Isn`t it funny some of the things you never forget? I have so many more wonderful memories about the 20 years living with my parents and their years after I married and moved out, but they will need to wait for another day.



Comments:
That is why it is said that memories are for ever.
 
I loved reading about these memories MS. Dot. They are so special to you and it was nice that you shared them, if you ever share any more and I do not make it back here, please make certain I know about it so I can come read becuse this is my favorite part of reading. I don't get to over here as much as I would like and I will try to do better. If you write a story like this and I miss getting here tell Walker to send me by, please.

You have such a beautiful way of sharing your history.
 
Yes Jac. Our life just wouldn`t be the same without our many wonderful memories to brighten up our lives. While we can`t live in the past, the past has a lot to do with molding our future.
 
Ms vickie, thanks so much.
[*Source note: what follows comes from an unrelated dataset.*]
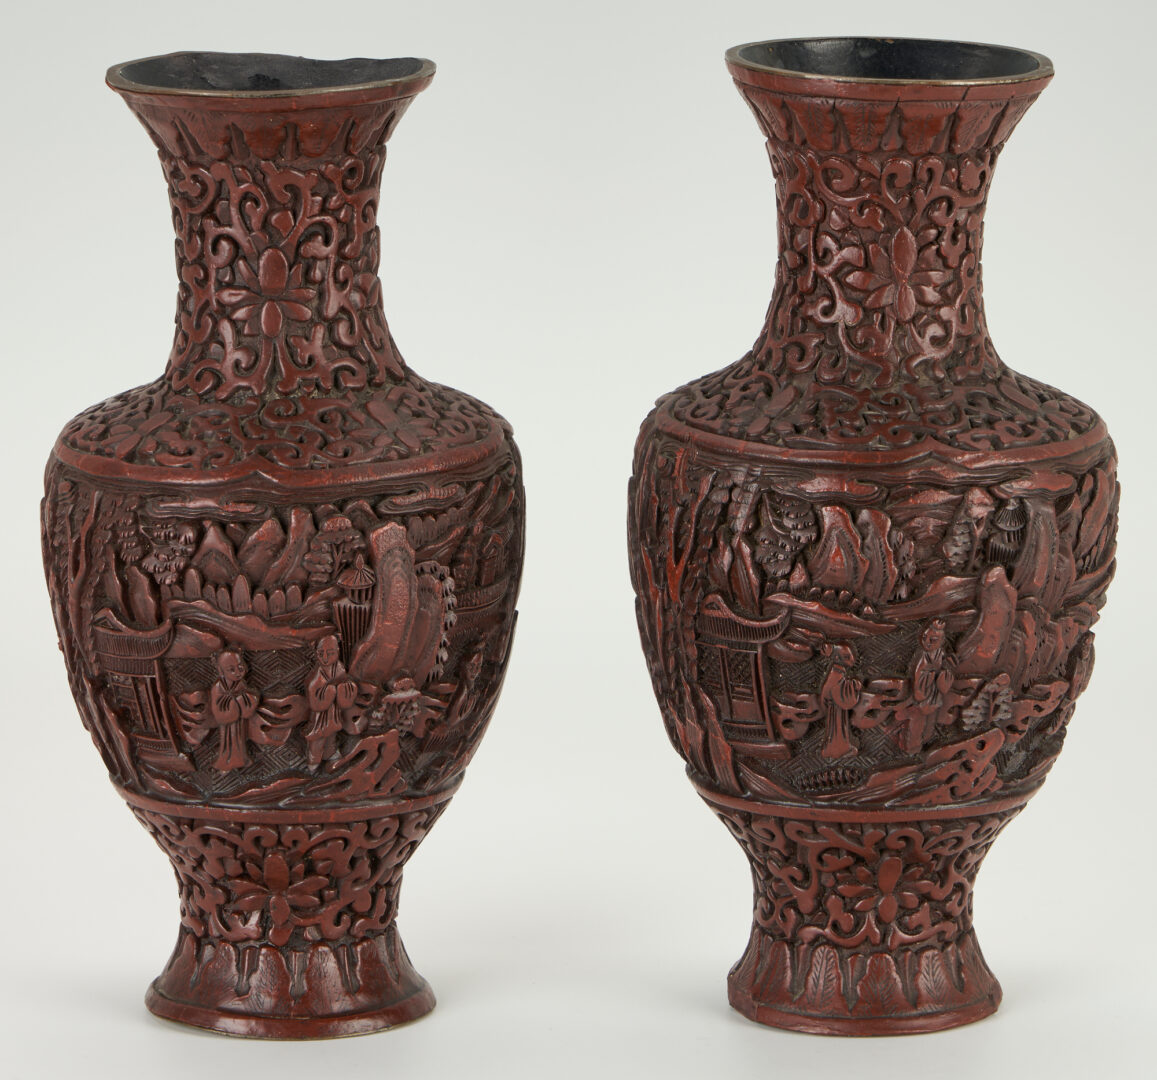 Lot 27: 2 Carved Chinese Buddhist Figures plus Pr. Cinnabar Tixi Lacquer Vases
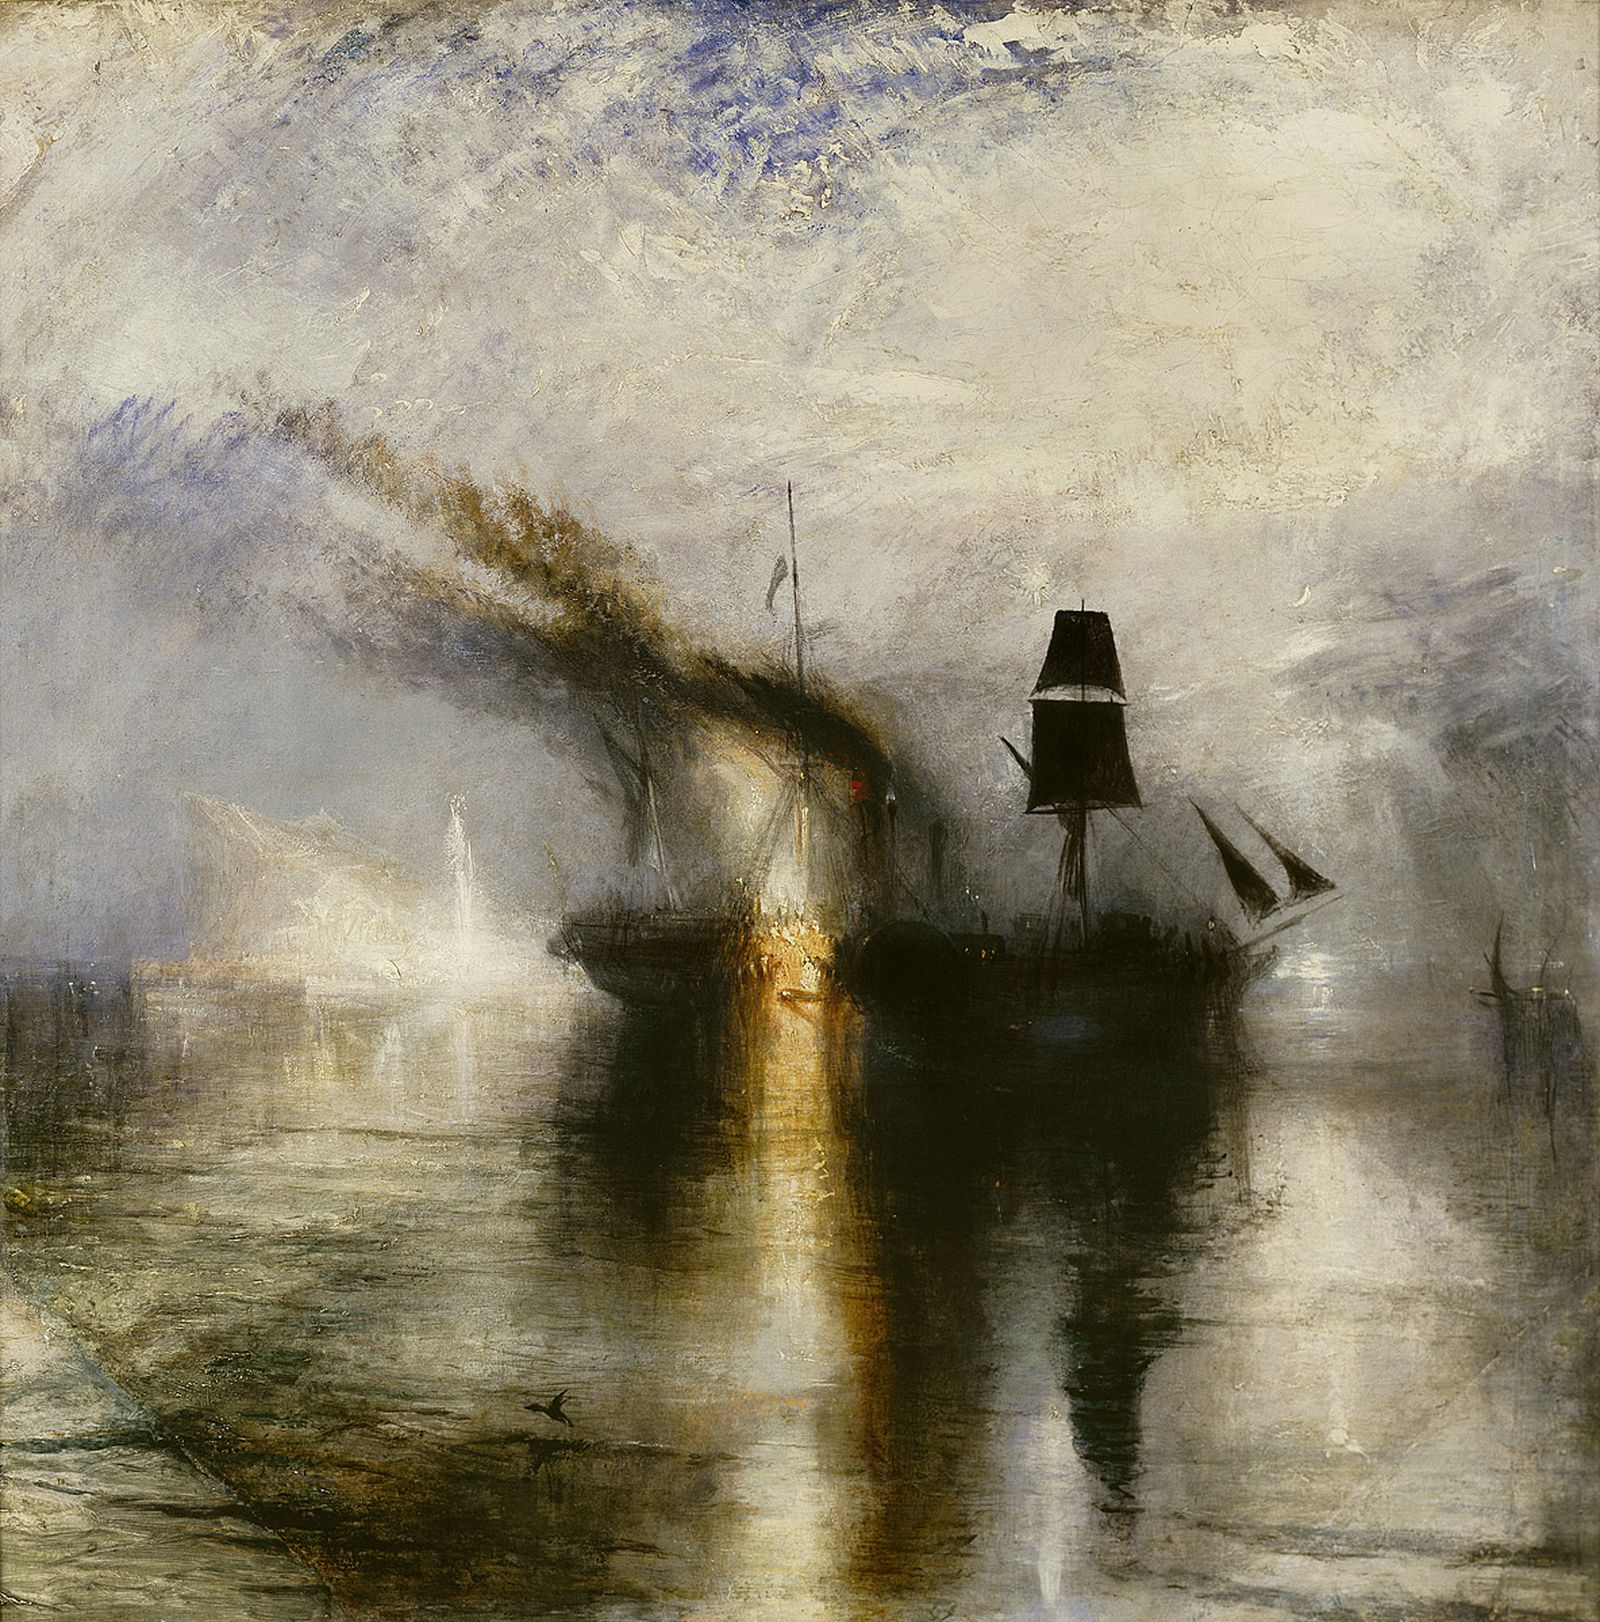 A ship burns in a harbour, surrounded by other ships

It`s nice sharing with those who understand how important memories are to us. I was so lucky to have such great parents and such a close family.Even when there is dissagreements, we still know we can count on each other in any emergency that arises.
Thanks for dropping by.
 
Yes Dot, it's so lovely to be able to share in someone else's memories. i'm sure you're shcildren must love to listen. I love to hear some of my mother's memories.
 
Hi Hillgrandmom, My only regret is that I never thought to ask my Mother and Father more about their growing up days. When I lost my husband in July 2002, I started keeping a Biography about my life and as much as I knew about my husbands life. Then after starting my blog I decided to print off all the posts and keep them for my kids, grandkids and great grandkids to read after I am gone. That way they will never have to wish they had asked questions as they will be able to read what I have written so far. I know very little about my parents childhood. I wish I knew lots more.